It is important to emphasize that D-dimer itself does not provide information about the degree of activation of the blood coagulation system. It is rather an indicator of the post-thrombotic state, confirms the existence of fibrin deposits, and indicates the activity of their fibrinolysis [18,19]. Taking this into consideration, we must assume that the decreased D-dimer levels in the complicated group are likely indicative of abnormal changes in fibrinolysis.

2.4. Fibrinolytic System Markers

Total fibrinolysis inhibitory activity (total activity of PAI-1 + PAI-2) in the blood plasma of pregnant women with placental insufficiency was significantly lower than in the control group with the normal course of pregnancy (Figure 3A). In the group of women with complications of pregnancy, PAI activity was within the range of 1–69 units/mL, while in pregnant women without complications, it was 65–72 units/mL. This decrease is probably due to a lower level of PAI-2, which indicates the deterioration of placental blood circulation [20].
Reduced activity of PAI in the circulation of pregnant women with placental dysfunction is accompanied by the increased total activity of plasminogen activators (PA) (Figure 3B). Normally, identification of plasminogen activators activity requires isolation of euglobulin fraction from blood plasma to avoid PA/plasmin inhibition by other plasma components, thus PA is not identified in whole plasma by plasmin activity measurement. The plasma PA activity in healthy subjects is rather undetectable [23]. In the blood plasma of 43% of pregnant women (13/30) with placental disorders, PA activity was not compensated by the antifibrinolytic system, indicating a possible risk of plasminogen hyperactivation. At the same time, thromboelastographic data do not show hyperfibrinolysis.
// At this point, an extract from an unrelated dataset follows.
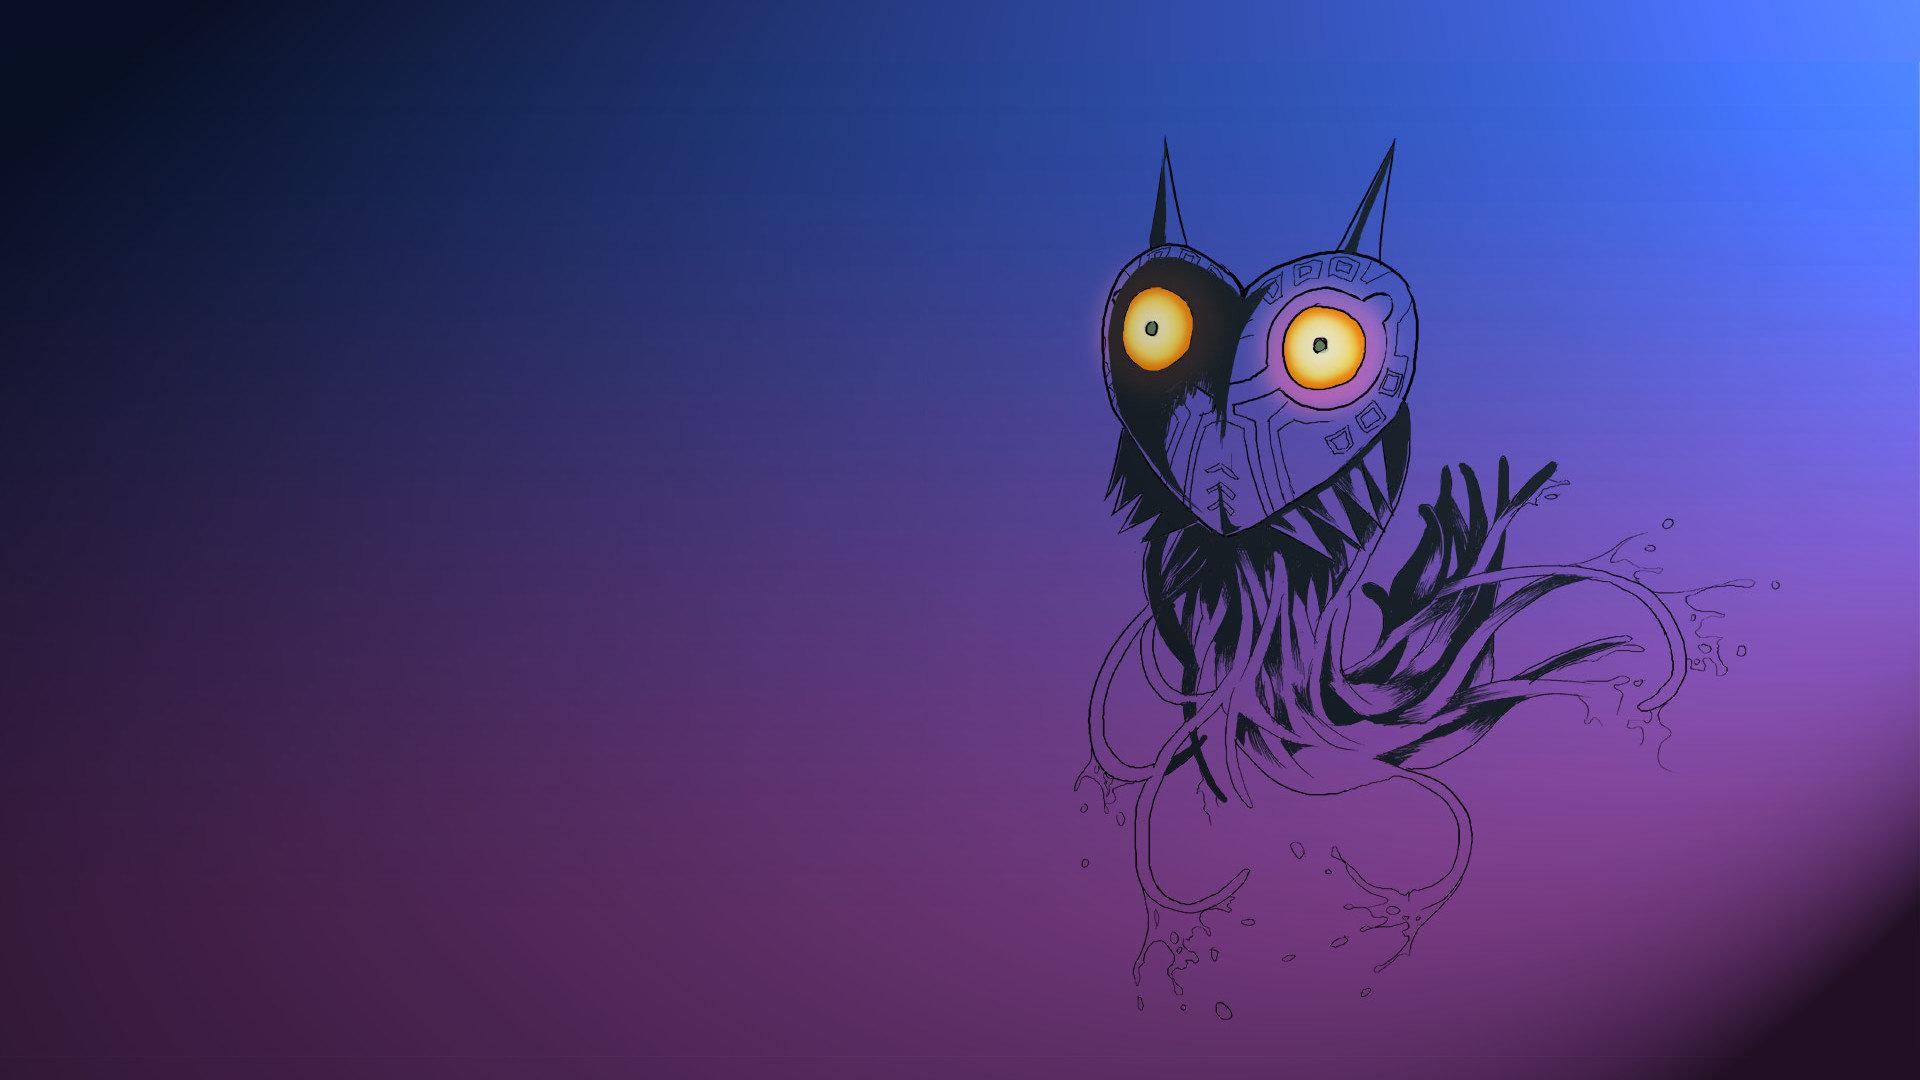 zelda wallpaper,owl,illustration,violet,animation,graphic design

The predominance of the coagulation process in the whole blood probably reflects the role of cellular components of blood and factors released by blood cells in response to clotting in the hemostatic balance of pregnant women.
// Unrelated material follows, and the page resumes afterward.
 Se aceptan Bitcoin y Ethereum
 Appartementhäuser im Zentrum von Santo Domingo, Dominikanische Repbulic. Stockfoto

To understand the nature of the increase in plasminogen activator activity, we compared the levels of uPA, tPA, uPA/PAI, and tPA/PAI complexes in randomly selected plasma samples (n = 5 per subgroup) from pregnant women with placental dysfunction, including those with PA activity and those without, and from the control group (n = 5) (Figure 4).
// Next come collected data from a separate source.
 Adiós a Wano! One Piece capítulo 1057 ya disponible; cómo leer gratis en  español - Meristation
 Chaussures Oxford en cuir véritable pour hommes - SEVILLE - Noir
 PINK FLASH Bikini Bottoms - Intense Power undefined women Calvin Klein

Immunoblotting of blood plasma samples demonstrates uPA and uPA/PAI complex levels in the control group and placental dysfunction with normal PA activity was the same, whereas in the complicated pregnancy group with increased PA activity uPA and uPA/PAI levels were 1.5 times higher than in both control and PA “-“ group (Figure 4A,C). A significant reduction in tPA and tPA/PAI complex levels was observed in the blood plasma of pregnant women with placental dysfunction compared to normal pregnancy (Figure 4B,D). In the complicated subgroups, tPA is higher in the group with increased PA activity. According to this data, the development of placental dysfunction is manifested in plasminogen activation system disbalance. The increase in PA activity originates mainly from uPA.

3. Discussion

Insufficient effectiveness of preventive therapy of vascular-placental disorders is mostly associated with an insufficient understanding of the mechanisms of development of coagulopathy and the lack of a single point of view on the nature of coagulation disorders and, in particular, local hemostasis. Due to the lack of diagnosis of fibrinolysis in the development of vascular-placental disorders, the prevalence of these disorders is probably higher than described so far. Accurate diagnosis of hemostasis disorders in pregnant women requires a sensitive and proven fibrinolysis test.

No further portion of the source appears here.